Now 85 and living in a unit at Invercargill’s Peacehaven Village, Sam was a fresh-faced Cromwell boy when he and his mates had the - by his own admission, slightly optimistic - idea of heading to Malaya for an adventure.
“We thought it might be a good holiday.”
Turns out, Sam was the only one of his mates to actually go to Malaya.
But it’s a decision he’s never regretted.
A keen bush man, the idea of being out in the jungle appealed to the young Sam and the time spent searching for the insurgents in the jungle was something he enjoyed.
He doesn’t remember feeling scared as his company searched the terrain for four week stints at a time.
“I just wanted to catch them.”
But the Malayan jungle was a far cry from the bush he was used to in Central Otago.
“You’d get soaking wet, then the next day would be hot and sunny.
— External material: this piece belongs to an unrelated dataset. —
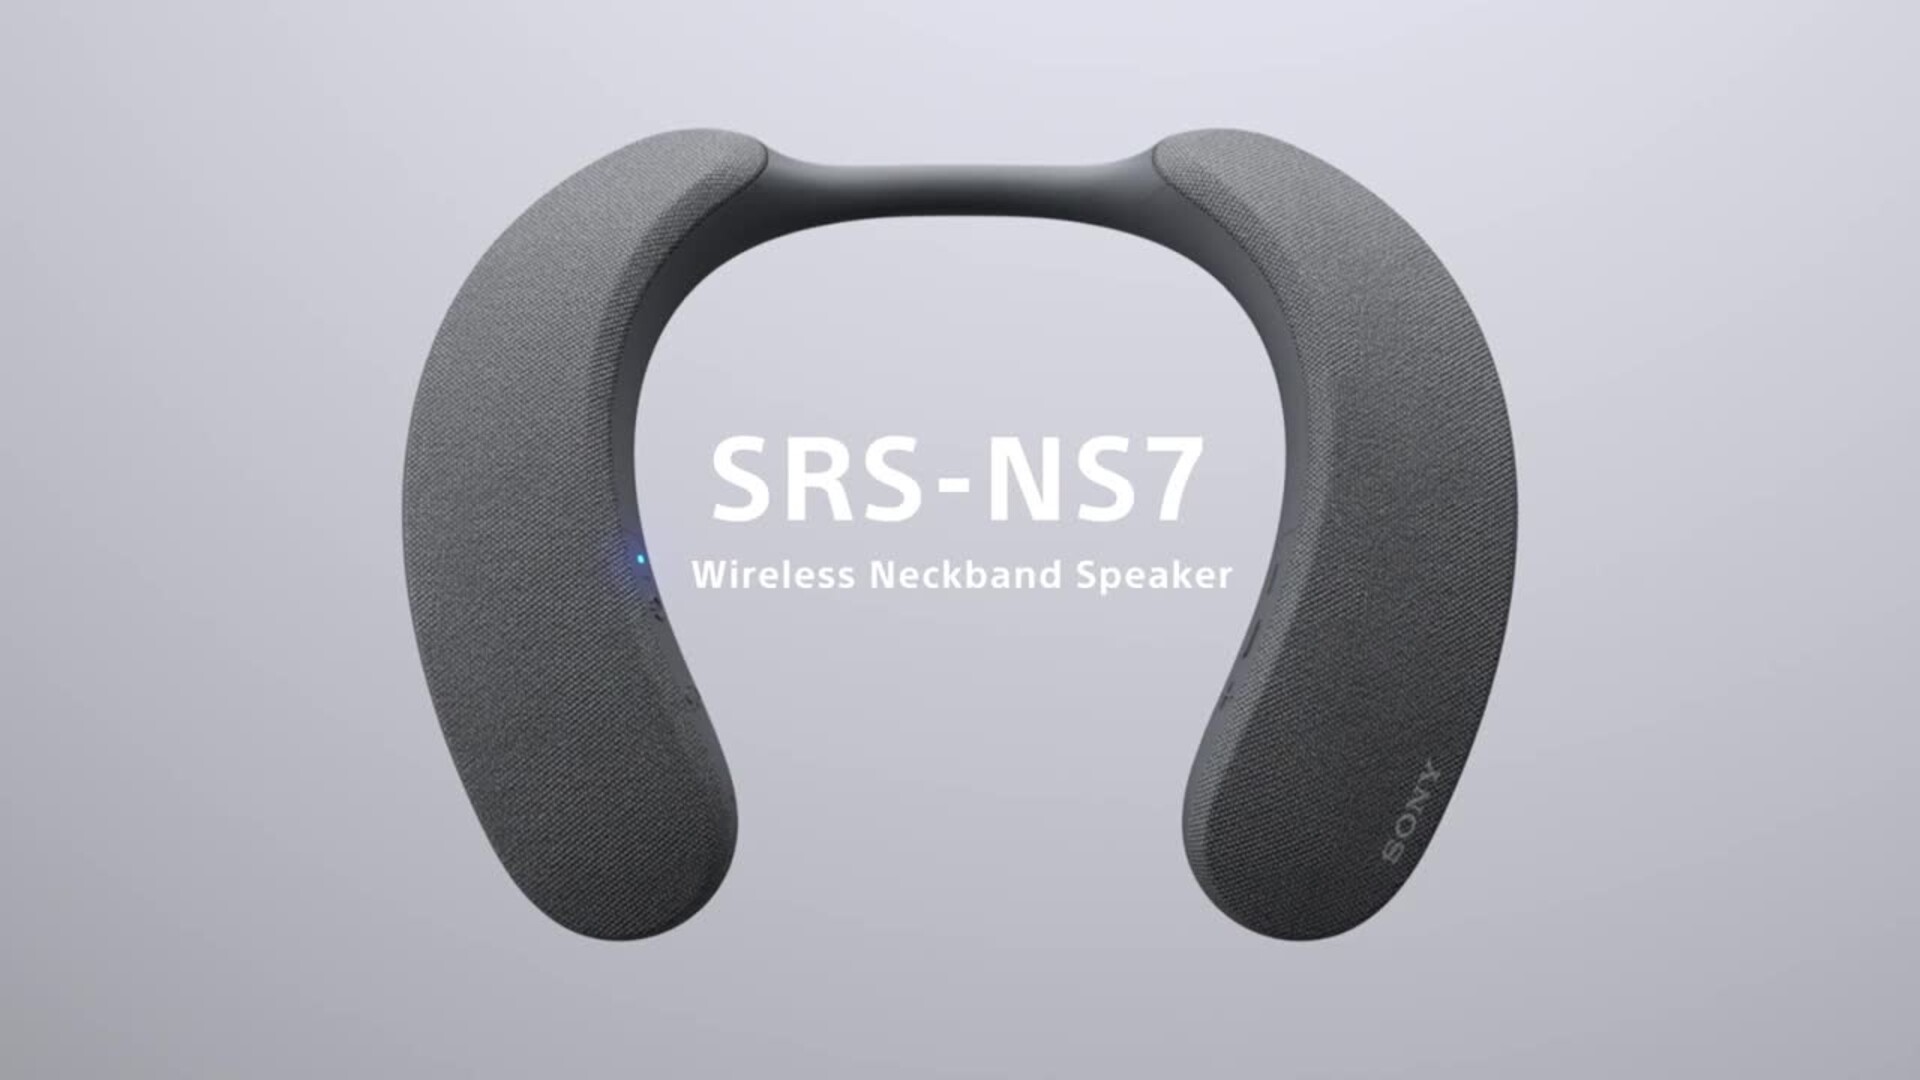 Sony SRSNS7 Wireless Neckband Speaker Black SRSNS7 - Best Buy
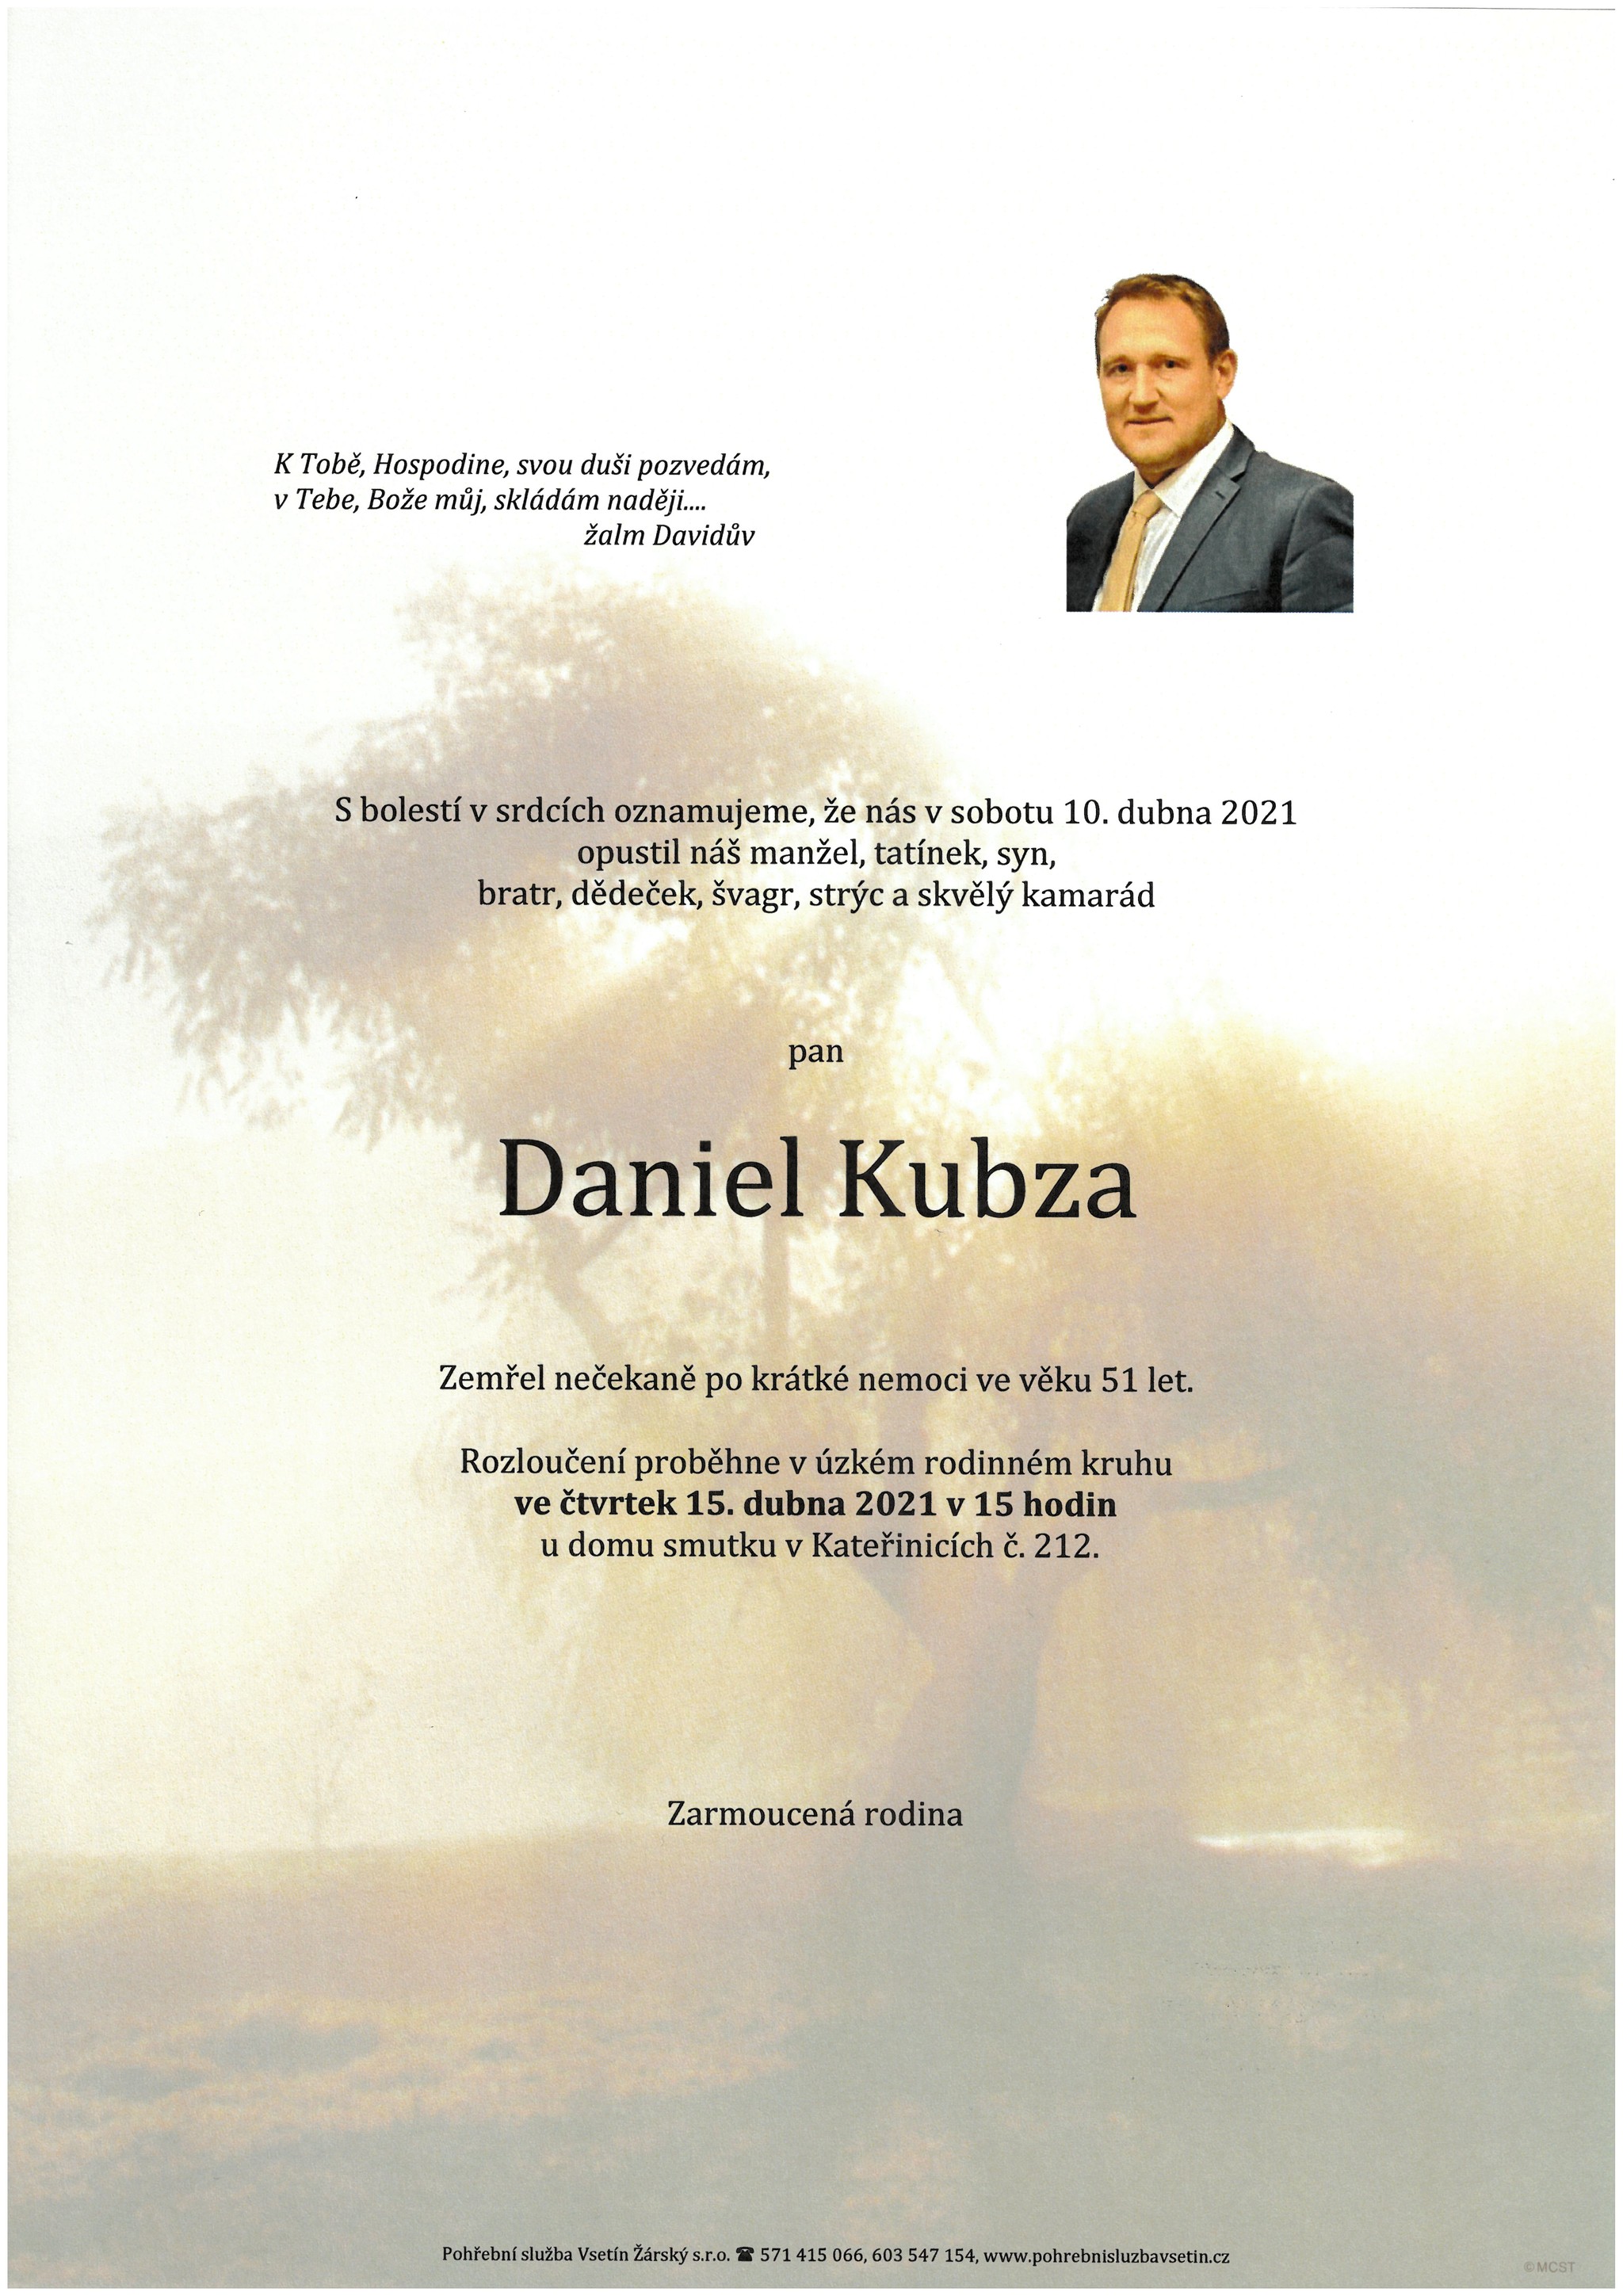 Daniel Kubza

We didn’t carry spare clothes then, but when the sun came out we’d be dry in half an hour.”
Then there were was the wildlife. Monkeys, elephants, even tigers roamed the jungle, adding to the dangers the men faced.
“One day there’d been an ambush and we dug in, then about two o'clock in the morning there was a racket and we think “what’s that?”
Preparing to face a hoard of guerrillas, the men were surprised to instead come face to face with a herd of elephants.
“We told them if they stampede, they’re gone.”
The elephants, and the men, survived.
He spent 280 days in the bush in the first of his three years serving in the army and while he remembers the camaraderie with the other 30 or so men in his company fondly, he remembers the weeks that they were off on leave even more fondly.
“When we came out of the bush we got two weeks leave…The most important thing was the bar. The first week you’d remember, the last week you wouldn’t.”
He returned to New Zealand in 1961, arriving right at Christmas. But instead of being able to celebrate his homecoming and the impending festive season, he was instead confined to bed, having contracted Malaria.
“I was sick for weeks.”
Fortunately there were no ongoing health impacts of the “jungle fever”.
On Sunday Sam, like hundreds of other veterans around Southland, will attend an Anzac Day service.
He has been attending services for years, and this year will attend the service at Peacehaven.
It is an emotional time, as veterans remember their experiences, the friends they served with, and those they lost.
One of the men in his company lost his life in Malaya, and there have been others that have died since returning home.
Every two months the Southland Malayan veterans gather for dinner. It’s a chance to chat, to laugh, to remember.
“Some of them are hard cases. Some of them are younger than me.”
And while memories of some things have faded in the past 60 years, Sam is sure of one thing.
“I have no regrets about going. I’d go again tomorrow.”